An accelerating gradient larger than 1 GeV/m, can potentially be produced by the Cherenkov Smith-Purcell radiative mechanism in a dielectric capillary with a variable inner radius. When an electron bunch propagates through the capillary, its self-field interacts with the dielectric material and produces wakefields that propagate inside the material at the Cherenkov angle.
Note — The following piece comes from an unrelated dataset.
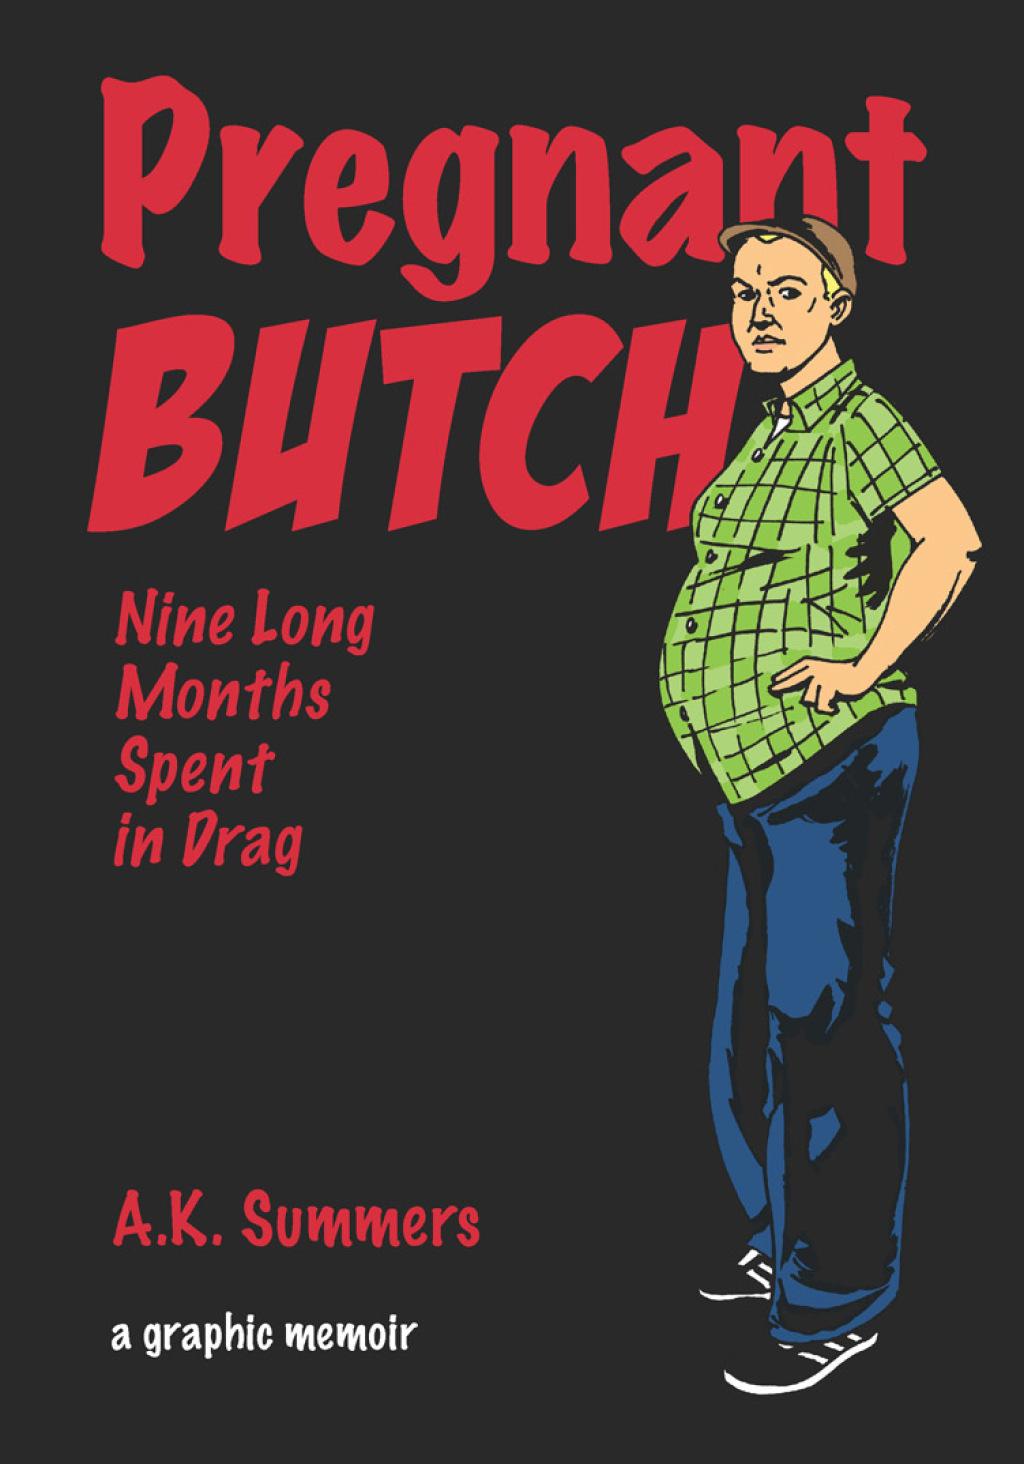 Pregnant Butch (ebook)

The wakefields are slowed down below the speed of light, as the relative dielectric permittivity of the material is larger than 1. The radiation is then reflected from the capillary’s metallic boundary and diffracted back into the vacuum region, producing high accelerating fields on the capillary axis with a distinct frequency signature. In presence of a periodic boundary the Smith-Purcell radiation imposes frequency dispersion.
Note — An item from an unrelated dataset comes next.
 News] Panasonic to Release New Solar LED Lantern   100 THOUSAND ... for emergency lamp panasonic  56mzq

A preliminary study with corrugated capillaries has shown some modification to the spectral content and amplitude of the generated wakefields , but the possibility of using Smith-Purcell effect in DWA is still under consideration.
In May 2012, a team of researchers from the Tokyo Institute of Technology published in Electronics Letters that it had set a new record for wireless data transmission by using T-rays and proposed they be used as bandwidth for data transmission in the future. The team's proof of concept device used a resonant tunneling diode (RTD) negative resistance oscillator to produce waves in the terahertz band. With this RTD, the researchers sent a signal at 542 GHz, resulting in a data transfer rate of 3 Gigabits per second. It doubled the record for data transmission rate set the previous November. The study suggested that Wi-Fi using the system would be limited to approximately 10 metres (33 ft), but could allow data transmission at up to 100 Gbit/s. In 2011, Japanese electronic parts maker Rohm and a research team at Osaka University produced a chip capable of transmitting 1.5 Gbit/s using terahertz radiation.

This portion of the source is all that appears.